Sunday, February 12, 2012

Sunset Sail on "Arielle"

It was a late afternoon at the Grace Bay resort center of Providenciales. A quiet mid winter day, with clear blue skies and benign little waves lapping at the white sand beach. A lot of the Type A amateur first-day-tanners took their second degree burns off in search of their third rum and fourth aloe vera application of the afternoon. Lots of the lazy Larrys and laid-back Lauras left later. Literature lovers are allowed to lecture me on lascivious alliteration. This is starting to sound like some Monty Python 'Halt who goes there?' password routine from an old Pacific war movie spoof.

There are still a few relaxed souls enjoying the day.
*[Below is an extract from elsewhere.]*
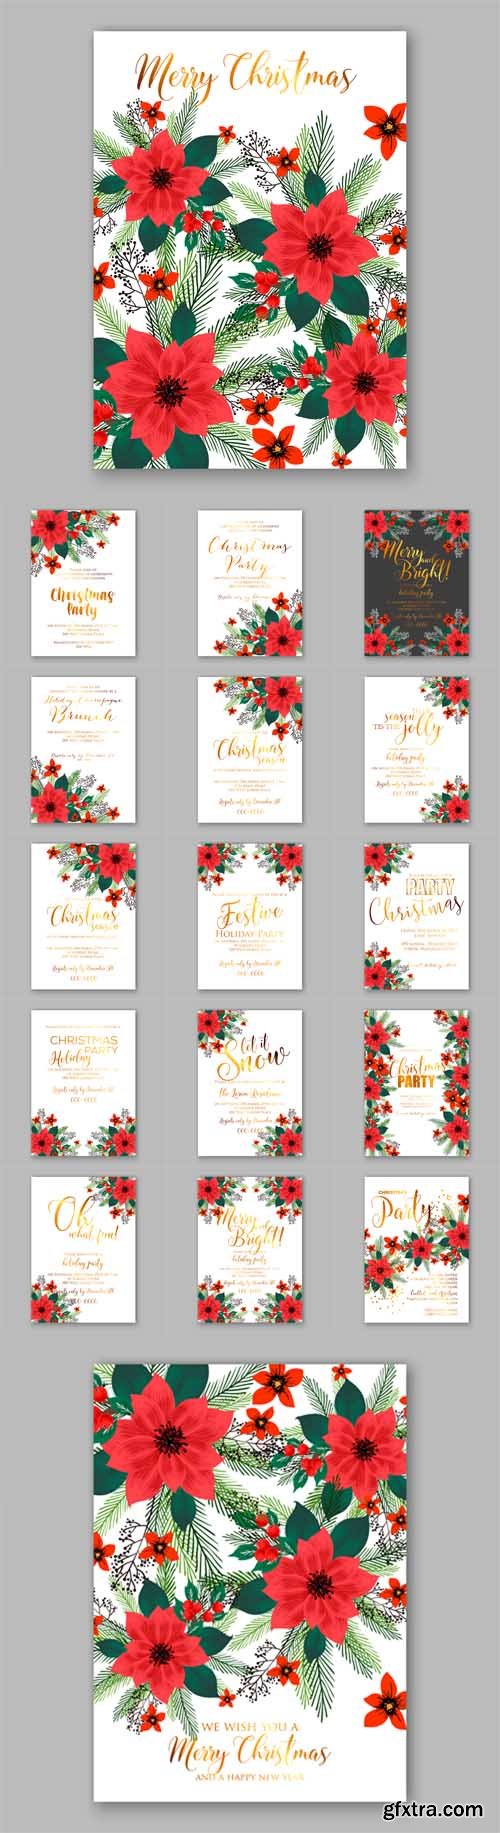 Vector Set - Merry Christmas Party Invitations with Winter Wreath

Almost time to gather up the microwave resistant coconut oils and head back to the rooms. Stop at the little shower to spray the sand off your feet, and then leave a wet trail to the room with those giveaway squishy sounding flip-flops.

I bet you've been there. It's time to start getting ready for the evening plans. There are several choices in restaurants to consider. It's a quiet time of day, perfect for a short snooze in the lengthening shadows, or to just finish that next chapter of Dean Koontz or maybe James Lee Burke. There's a nice, shady poolside beach bar to the right, and a quick smile to any waiter in sight will get you quickly reloaded with the solvent of your choice.
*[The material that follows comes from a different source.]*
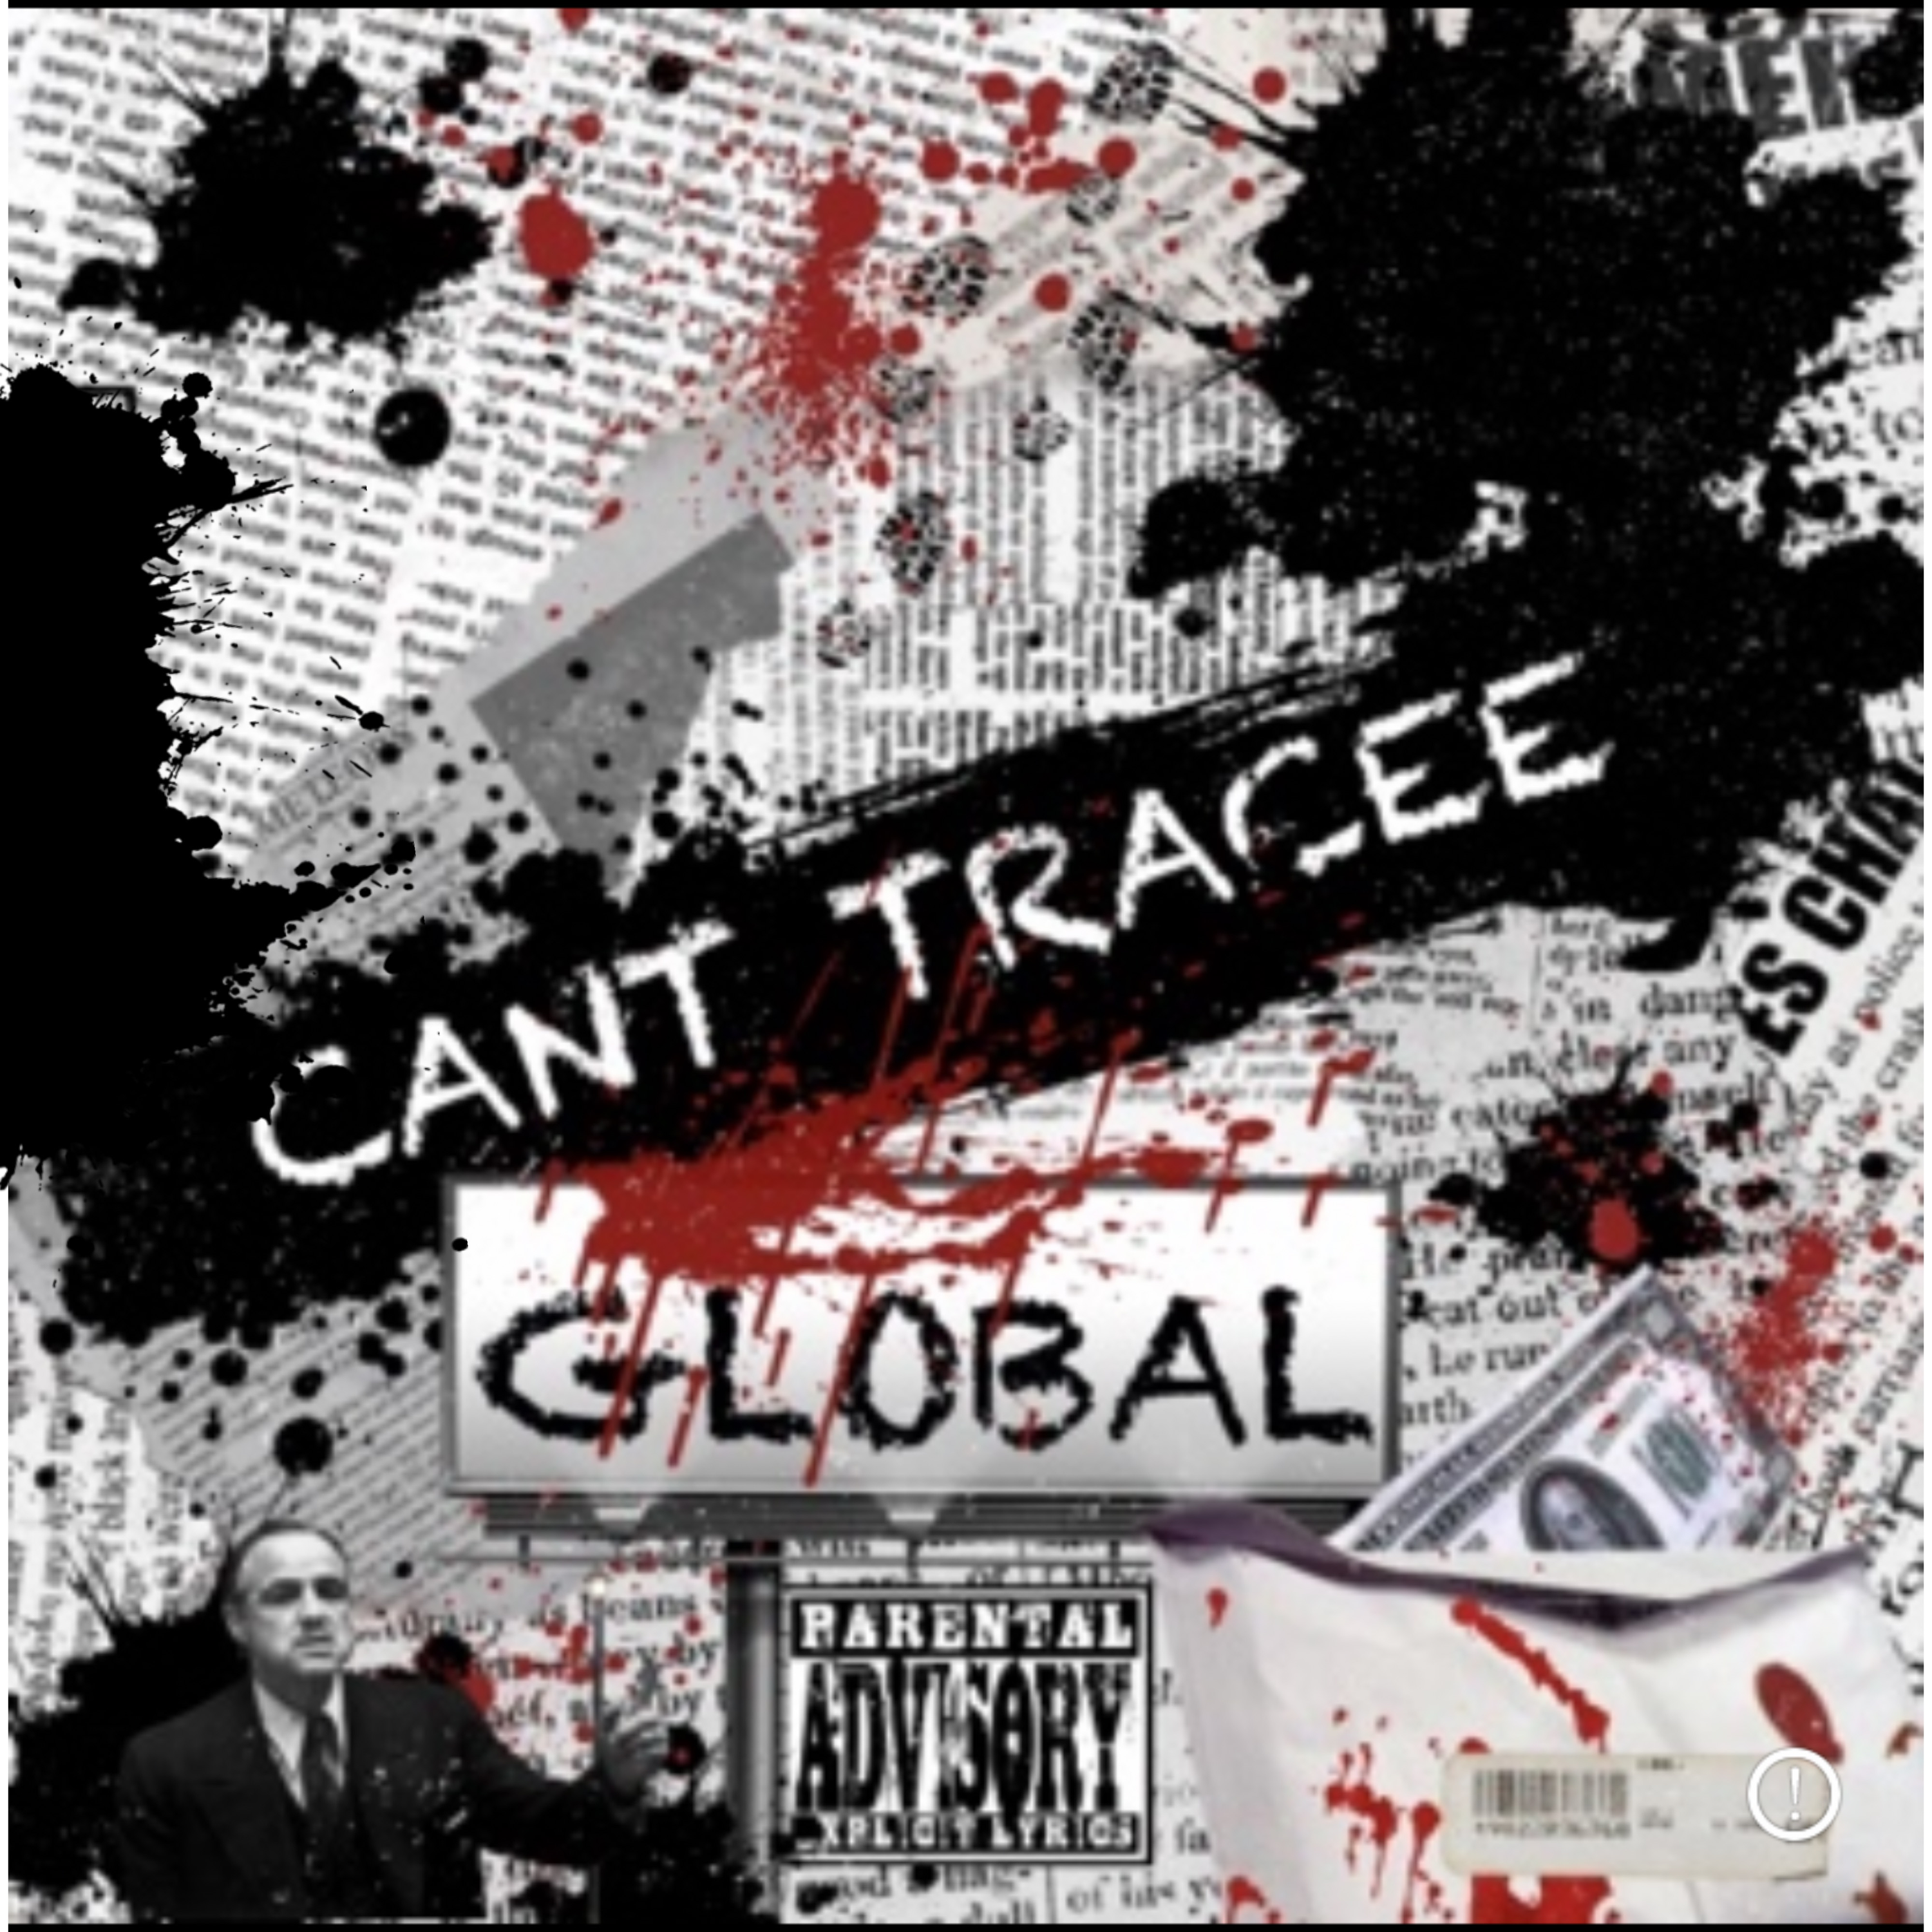 Global - cant tracee 2

And oh, can you see that boat approaching between the palm trees?

Yes, while everyone else on the beach and around the bar was relaxing and socializing I was out scanning the horizons for a catamaran. This might be a curse of mine, but it's not what you probably think. Well, maybe it is. The title of the post gave it away, didn't it. I HAD to use that title, though. It rhymes, more or less. If you pronounce one of the words with an East Texas accent. You might have to squint a little, too. I tried other words to rhyme with sail. I kept coming up with things like hail, jail, rail, tail... not quite right. I did take French 101, and I know Arielle doesn't rhyme with snail.Well, now that the cat is out of the bag, so to speak.... here, this photo is a little better.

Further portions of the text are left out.